- [Work required]
All that should be output is the block of lines below from the line with "Courier service comparison in Vrindavan" to the line with "veryshine.com Barrette (Bow)", both included, exactly as written.

Supplied data section start

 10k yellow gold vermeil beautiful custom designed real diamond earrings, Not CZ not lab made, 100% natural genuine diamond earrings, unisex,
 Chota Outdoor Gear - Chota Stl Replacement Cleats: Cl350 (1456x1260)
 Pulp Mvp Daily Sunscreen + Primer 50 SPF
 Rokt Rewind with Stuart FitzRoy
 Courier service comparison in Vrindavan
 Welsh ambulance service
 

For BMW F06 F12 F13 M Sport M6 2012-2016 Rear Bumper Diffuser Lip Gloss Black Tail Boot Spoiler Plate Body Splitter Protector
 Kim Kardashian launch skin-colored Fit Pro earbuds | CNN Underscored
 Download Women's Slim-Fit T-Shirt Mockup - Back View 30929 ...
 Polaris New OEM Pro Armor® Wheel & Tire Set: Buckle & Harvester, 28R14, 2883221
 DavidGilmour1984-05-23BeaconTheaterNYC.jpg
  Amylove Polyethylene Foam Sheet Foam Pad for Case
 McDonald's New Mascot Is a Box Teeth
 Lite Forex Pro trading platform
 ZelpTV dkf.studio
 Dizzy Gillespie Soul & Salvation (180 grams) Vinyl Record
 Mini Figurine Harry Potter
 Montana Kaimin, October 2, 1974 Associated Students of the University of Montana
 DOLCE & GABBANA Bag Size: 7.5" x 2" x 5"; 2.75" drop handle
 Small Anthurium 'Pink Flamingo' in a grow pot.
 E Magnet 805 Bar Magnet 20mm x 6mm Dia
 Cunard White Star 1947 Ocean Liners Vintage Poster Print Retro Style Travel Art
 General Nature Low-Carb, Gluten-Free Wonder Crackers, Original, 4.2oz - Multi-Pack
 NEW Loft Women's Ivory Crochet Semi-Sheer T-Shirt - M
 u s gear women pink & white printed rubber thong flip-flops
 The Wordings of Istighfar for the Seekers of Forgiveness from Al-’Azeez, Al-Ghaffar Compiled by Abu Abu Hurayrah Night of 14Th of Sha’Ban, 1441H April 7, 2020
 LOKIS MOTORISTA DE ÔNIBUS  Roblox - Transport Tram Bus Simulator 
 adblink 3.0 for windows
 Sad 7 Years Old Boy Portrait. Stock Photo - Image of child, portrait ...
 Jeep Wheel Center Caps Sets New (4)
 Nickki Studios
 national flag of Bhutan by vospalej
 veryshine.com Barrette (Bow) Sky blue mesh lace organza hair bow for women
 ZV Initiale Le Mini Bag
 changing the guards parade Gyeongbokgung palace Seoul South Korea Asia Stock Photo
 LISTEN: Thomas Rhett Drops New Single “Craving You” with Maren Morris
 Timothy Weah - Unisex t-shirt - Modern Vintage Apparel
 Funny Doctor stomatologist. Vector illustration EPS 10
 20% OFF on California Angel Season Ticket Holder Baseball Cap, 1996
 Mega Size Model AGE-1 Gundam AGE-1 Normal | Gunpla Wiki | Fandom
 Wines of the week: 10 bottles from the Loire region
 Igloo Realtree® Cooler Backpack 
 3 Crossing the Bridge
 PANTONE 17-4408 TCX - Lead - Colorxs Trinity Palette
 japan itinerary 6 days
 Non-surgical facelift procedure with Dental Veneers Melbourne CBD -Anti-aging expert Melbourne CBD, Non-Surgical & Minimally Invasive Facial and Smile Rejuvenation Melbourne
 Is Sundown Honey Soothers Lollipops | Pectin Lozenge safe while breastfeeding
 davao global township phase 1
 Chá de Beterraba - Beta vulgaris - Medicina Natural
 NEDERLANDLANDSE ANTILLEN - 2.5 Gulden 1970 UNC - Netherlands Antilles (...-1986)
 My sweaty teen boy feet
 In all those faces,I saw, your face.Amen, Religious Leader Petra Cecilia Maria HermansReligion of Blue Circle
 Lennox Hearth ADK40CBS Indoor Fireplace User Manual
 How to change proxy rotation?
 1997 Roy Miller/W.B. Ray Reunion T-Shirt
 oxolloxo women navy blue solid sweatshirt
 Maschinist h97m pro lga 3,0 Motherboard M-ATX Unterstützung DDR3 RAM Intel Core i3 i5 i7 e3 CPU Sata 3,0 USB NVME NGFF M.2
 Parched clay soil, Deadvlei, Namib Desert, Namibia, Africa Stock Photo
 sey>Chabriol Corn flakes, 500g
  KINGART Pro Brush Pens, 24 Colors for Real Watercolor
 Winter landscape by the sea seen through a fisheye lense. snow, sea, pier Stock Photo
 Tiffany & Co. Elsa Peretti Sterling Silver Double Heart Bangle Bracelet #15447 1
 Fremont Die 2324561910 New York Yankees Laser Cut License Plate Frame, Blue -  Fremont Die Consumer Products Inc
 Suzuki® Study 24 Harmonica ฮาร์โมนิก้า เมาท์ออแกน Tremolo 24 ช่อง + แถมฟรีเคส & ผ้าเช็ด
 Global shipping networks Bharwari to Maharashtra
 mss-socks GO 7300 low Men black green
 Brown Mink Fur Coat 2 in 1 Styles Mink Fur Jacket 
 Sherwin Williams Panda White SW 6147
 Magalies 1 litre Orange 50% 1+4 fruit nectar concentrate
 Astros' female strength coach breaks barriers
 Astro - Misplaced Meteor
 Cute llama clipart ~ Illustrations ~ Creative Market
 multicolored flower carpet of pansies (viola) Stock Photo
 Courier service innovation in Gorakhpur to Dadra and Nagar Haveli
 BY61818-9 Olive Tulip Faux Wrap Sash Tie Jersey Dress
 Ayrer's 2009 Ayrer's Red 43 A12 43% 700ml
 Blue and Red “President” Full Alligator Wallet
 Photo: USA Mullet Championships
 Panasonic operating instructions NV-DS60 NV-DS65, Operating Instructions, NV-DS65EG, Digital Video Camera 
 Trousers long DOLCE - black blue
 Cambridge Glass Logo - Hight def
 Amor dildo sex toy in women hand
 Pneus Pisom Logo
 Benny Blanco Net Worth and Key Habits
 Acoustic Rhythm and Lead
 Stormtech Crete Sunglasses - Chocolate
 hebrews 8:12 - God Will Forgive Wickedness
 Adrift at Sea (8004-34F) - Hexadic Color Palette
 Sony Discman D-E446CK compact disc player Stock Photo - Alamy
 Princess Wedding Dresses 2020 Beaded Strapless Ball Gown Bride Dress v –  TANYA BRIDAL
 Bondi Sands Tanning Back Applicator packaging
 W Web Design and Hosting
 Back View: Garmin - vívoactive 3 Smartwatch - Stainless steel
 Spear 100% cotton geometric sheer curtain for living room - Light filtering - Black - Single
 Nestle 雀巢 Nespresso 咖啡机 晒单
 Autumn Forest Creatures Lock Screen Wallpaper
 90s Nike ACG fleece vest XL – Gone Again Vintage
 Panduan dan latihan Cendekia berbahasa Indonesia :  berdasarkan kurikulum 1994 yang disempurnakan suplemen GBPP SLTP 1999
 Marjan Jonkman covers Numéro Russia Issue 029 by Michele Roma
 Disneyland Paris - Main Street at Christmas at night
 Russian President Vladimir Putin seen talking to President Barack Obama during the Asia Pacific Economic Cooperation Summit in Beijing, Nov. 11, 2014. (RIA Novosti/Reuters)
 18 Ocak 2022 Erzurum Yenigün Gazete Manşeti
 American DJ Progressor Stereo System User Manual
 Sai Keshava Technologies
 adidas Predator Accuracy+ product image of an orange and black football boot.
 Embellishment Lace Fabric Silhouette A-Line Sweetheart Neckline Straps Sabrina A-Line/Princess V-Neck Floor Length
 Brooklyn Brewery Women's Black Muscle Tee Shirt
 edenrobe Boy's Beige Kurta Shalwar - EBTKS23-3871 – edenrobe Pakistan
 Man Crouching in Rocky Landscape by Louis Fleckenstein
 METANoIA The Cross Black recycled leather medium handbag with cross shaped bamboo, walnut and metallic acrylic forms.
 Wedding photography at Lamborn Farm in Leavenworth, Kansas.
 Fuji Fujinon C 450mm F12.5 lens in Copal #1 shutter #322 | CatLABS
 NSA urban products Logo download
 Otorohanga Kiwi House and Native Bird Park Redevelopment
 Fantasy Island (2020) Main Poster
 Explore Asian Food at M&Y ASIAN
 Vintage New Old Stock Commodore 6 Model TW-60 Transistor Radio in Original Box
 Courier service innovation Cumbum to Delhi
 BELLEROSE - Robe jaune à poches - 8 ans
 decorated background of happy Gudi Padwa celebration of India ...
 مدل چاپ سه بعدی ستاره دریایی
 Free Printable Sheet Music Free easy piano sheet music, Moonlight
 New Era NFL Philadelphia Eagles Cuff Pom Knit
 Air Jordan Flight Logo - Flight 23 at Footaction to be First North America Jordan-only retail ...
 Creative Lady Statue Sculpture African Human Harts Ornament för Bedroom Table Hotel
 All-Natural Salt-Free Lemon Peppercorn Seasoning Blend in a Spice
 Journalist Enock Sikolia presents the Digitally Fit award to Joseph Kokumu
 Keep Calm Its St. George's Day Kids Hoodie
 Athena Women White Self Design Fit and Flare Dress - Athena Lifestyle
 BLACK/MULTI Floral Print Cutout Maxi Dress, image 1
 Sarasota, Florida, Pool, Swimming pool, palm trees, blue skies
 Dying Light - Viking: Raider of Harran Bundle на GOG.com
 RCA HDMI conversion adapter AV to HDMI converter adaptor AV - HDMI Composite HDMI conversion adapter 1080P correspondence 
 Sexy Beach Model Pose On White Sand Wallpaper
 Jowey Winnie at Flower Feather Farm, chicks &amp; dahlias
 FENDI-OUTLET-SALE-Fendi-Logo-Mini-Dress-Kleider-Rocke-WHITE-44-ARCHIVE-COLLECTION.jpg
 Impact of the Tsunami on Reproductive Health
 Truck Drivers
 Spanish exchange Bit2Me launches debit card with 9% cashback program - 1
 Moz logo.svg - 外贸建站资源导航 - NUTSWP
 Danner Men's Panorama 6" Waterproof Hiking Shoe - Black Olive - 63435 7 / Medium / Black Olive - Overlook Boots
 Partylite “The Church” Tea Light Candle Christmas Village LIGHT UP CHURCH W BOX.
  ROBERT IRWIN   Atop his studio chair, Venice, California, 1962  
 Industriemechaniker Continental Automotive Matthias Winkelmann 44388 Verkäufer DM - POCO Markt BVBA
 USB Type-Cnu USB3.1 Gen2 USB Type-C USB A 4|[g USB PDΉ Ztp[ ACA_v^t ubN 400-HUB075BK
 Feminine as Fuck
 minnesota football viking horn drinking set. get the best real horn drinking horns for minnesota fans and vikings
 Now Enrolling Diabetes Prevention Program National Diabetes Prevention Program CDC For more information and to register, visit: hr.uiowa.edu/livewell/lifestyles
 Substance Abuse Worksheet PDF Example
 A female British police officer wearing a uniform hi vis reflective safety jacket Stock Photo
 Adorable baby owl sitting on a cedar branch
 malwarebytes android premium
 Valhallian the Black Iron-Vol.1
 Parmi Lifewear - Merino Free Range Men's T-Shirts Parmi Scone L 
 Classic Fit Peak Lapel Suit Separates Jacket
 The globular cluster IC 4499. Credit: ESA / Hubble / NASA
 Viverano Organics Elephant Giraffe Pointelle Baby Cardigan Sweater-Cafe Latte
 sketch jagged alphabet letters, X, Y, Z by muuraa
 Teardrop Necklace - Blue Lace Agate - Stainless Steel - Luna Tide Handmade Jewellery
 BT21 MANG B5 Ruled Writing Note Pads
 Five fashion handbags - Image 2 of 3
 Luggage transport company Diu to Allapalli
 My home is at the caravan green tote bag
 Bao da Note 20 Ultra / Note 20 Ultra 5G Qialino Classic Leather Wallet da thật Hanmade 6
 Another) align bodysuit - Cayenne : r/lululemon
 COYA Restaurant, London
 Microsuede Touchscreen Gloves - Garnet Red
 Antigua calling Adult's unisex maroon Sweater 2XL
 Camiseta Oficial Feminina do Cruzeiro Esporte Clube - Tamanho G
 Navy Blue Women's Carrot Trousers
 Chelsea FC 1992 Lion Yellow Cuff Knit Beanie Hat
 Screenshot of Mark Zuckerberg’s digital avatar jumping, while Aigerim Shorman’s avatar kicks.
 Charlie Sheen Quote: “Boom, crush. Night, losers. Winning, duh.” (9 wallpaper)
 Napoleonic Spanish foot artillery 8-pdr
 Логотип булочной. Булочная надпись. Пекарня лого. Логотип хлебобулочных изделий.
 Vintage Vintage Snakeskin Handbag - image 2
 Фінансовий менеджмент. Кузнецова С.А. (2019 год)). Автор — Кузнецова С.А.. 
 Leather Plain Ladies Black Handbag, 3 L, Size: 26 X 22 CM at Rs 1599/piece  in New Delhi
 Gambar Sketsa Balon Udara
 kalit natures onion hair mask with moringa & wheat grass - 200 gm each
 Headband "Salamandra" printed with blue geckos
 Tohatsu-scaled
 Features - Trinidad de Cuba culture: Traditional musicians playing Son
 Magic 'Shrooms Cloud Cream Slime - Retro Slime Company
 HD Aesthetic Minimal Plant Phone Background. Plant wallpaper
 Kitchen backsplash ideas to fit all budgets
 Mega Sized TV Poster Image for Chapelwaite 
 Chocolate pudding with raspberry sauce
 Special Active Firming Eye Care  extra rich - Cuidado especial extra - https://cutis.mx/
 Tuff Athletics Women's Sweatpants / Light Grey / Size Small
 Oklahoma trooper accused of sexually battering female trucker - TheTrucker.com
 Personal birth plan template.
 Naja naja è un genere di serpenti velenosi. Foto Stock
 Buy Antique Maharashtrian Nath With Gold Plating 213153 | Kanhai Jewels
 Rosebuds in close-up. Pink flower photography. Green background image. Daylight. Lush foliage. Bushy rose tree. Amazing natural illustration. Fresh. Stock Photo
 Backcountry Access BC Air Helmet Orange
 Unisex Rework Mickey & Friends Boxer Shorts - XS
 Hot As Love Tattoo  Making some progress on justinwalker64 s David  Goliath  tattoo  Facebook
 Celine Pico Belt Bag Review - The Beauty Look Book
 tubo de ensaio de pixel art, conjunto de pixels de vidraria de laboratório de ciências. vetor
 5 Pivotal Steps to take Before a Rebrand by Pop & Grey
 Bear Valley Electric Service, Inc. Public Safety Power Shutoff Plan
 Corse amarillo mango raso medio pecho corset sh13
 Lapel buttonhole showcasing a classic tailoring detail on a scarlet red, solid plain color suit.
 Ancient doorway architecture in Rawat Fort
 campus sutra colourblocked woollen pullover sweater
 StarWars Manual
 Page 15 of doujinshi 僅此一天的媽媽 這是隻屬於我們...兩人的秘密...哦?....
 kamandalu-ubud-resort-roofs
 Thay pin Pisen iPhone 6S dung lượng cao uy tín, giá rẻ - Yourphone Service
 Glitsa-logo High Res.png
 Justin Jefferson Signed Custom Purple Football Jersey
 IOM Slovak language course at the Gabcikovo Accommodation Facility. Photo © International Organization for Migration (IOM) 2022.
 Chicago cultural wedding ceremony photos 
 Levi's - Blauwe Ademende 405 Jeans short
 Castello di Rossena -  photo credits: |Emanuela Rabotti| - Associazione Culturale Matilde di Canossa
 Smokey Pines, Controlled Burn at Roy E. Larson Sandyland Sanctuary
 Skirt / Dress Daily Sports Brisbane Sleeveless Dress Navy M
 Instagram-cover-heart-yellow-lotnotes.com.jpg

Supplied data section end

- [Written answer]
 Courier service comparison in Vrindavan
 Welsh ambulance service
 

For BMW F06 F12 F13 M Sport M6 2012-2016 Rear Bumper Diffuser Lip Gloss Black Tail Boot Spoiler Plate Body Splitter Protector
 Kim Kardashian launch skin-colored Fit Pro earbuds | CNN Underscored
 Download Women's Slim-Fit T-Shirt Mockup - Back View 30929 ...
 Polaris New OEM Pro Armor® Wheel & Tire Set: Buckle & Harvester, 28R14, 2883221
 DavidGilmour1984-05-23BeaconTheaterNYC.jpg
  Amylove Polyethylene Foam Sheet Foam Pad for Case
 McDonald's New Mascot Is a Box Teeth
 Lite Forex Pro trading platform
 ZelpTV dkf.studio
 Dizzy Gillespie Soul & Salvation (180 grams) Vinyl Record
 Mini Figurine Harry Potter
 Montana Kaimin, October 2, 1974 Associated Students of the University of Montana
 DOLCE & GABBANA Bag Size: 7.5" x 2" x 5"; 2.75" drop handle
 Small Anthurium 'Pink Flamingo' in a grow pot.
 E Magnet 805 Bar Magnet 20mm x 6mm Dia
 Cunard White Star 1947 Ocean Liners Vintage Poster Print Retro Style Travel Art
 General Nature Low-Carb, Gluten-Free Wonder Crackers, Original, 4.2oz - Multi-Pack
 NEW Loft Women's Ivory Crochet Semi-Sheer T-Shirt - M
 u s gear women pink & white printed rubber thong flip-flops
 The Wordings of Istighfar for the Seekers of Forgiveness from Al-’Azeez, Al-Ghaffar Compiled by Abu Abu Hurayrah Night of 14Th of Sha’Ban, 1441H April 7, 2020
 LOKIS MOTORISTA DE ÔNIBUS  Roblox - Transport Tram Bus Simulator 
 adblink 3.0 for windows
 Sad 7 Years Old Boy Portrait. Stock Photo - Image of child, portrait ...
 Jeep Wheel Center Caps Sets New (4)
 Nickki Studios
 national flag of Bhutan by vospalej
 veryshine.com Barrette (Bow) Sky blue mesh lace organza hair bow for women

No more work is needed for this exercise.